W swoim przemówieniu biskup skierował szereg próśb o Boże błogosławieństwo dla środowiska LGBT: „Niech Bóg, który wspiera nas wszystkich w życiu, nadal idzie z wami i dzieli wasze radości i smutki, wzywając was do czegoś jeszcze większego. (...) Niech Bóg błogosławi waszą zdolność do kochania i bycia kochanymi oraz dzielenia się tą boską obecnością z zepsutym i walczącym światem. Niech Bóg wszechmogący obdarzy was swoim pokojem”.

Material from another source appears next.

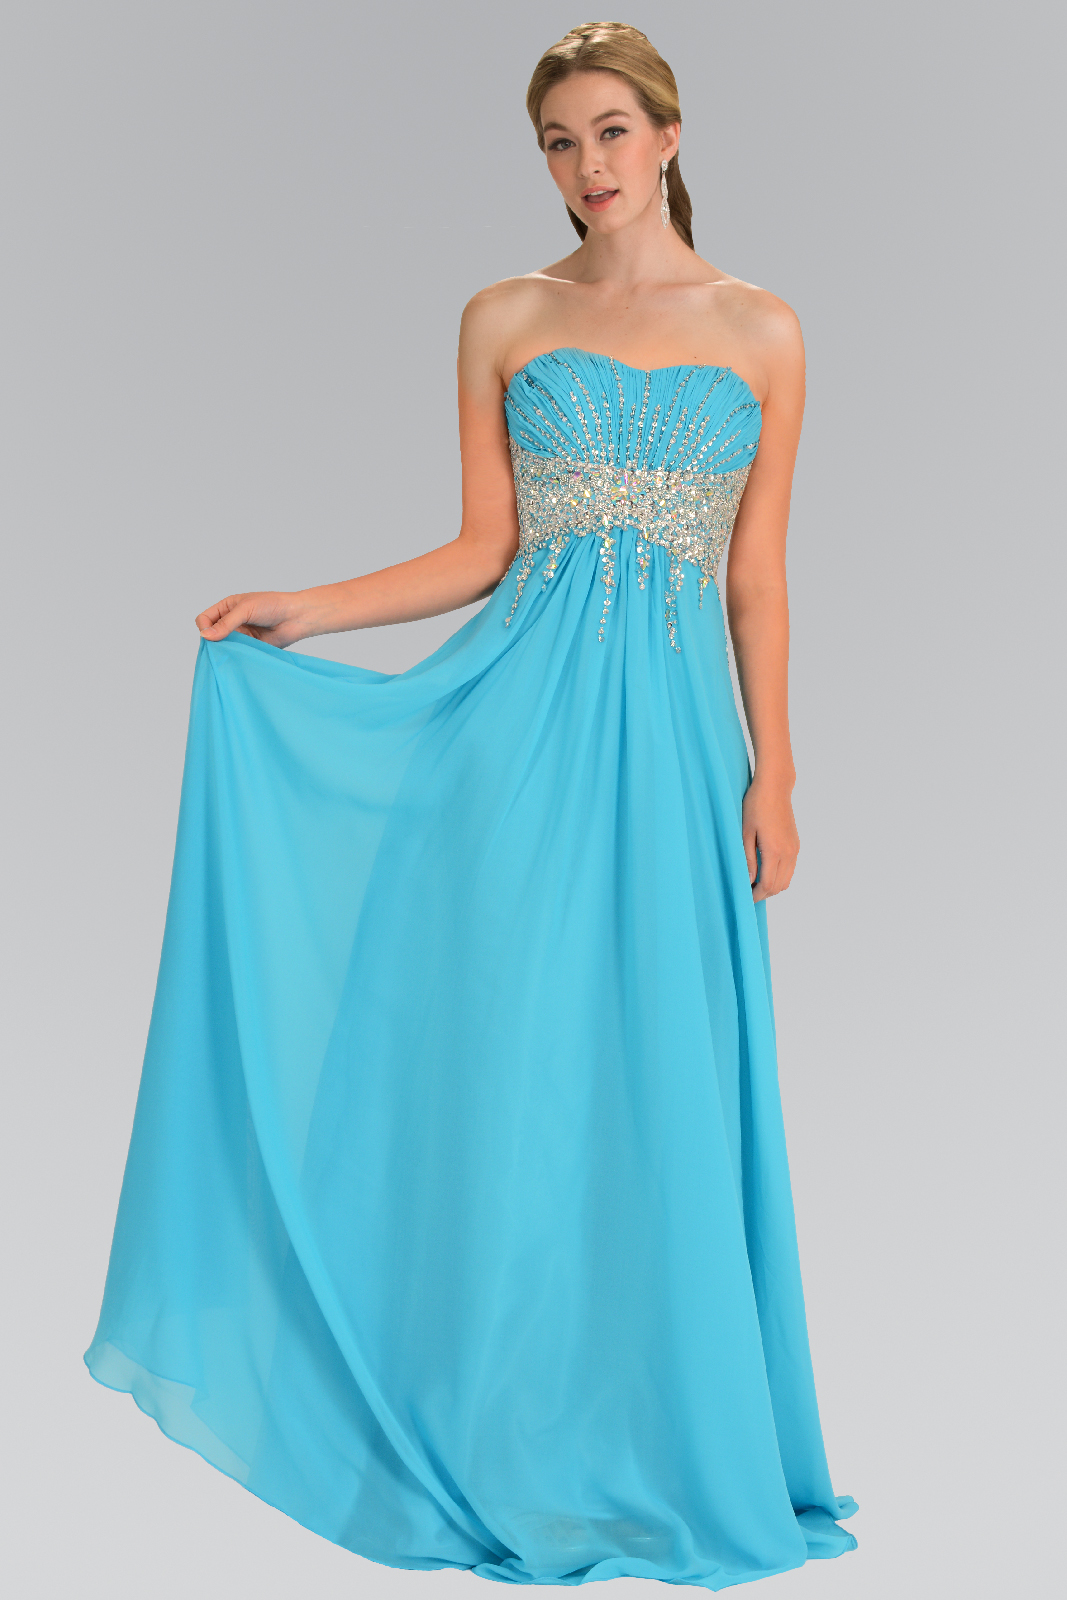 woman in blue strapless gown

Tego typu słowa wpisują się w szereg publicznych wypowiedzi osób świeckich z okazji inauguracji „Miesiąca Dumy”. Niezbyt licują one z oficjalnym stanowiskiem Kościoła wobec aktów homoseksualnych, wyrażanego w Katechizmie Kościoła katolickiego, a nawet w dokumencie Kongregacji Nauki Wiary zatwierdzonym przez papieża Franciszka. Mowa w nim o „nieprawowitym” charakterze błogosławienia związków homoseksualnych oraz o tym, że związki te nie są „podporządkowane planowi Stwórcy”.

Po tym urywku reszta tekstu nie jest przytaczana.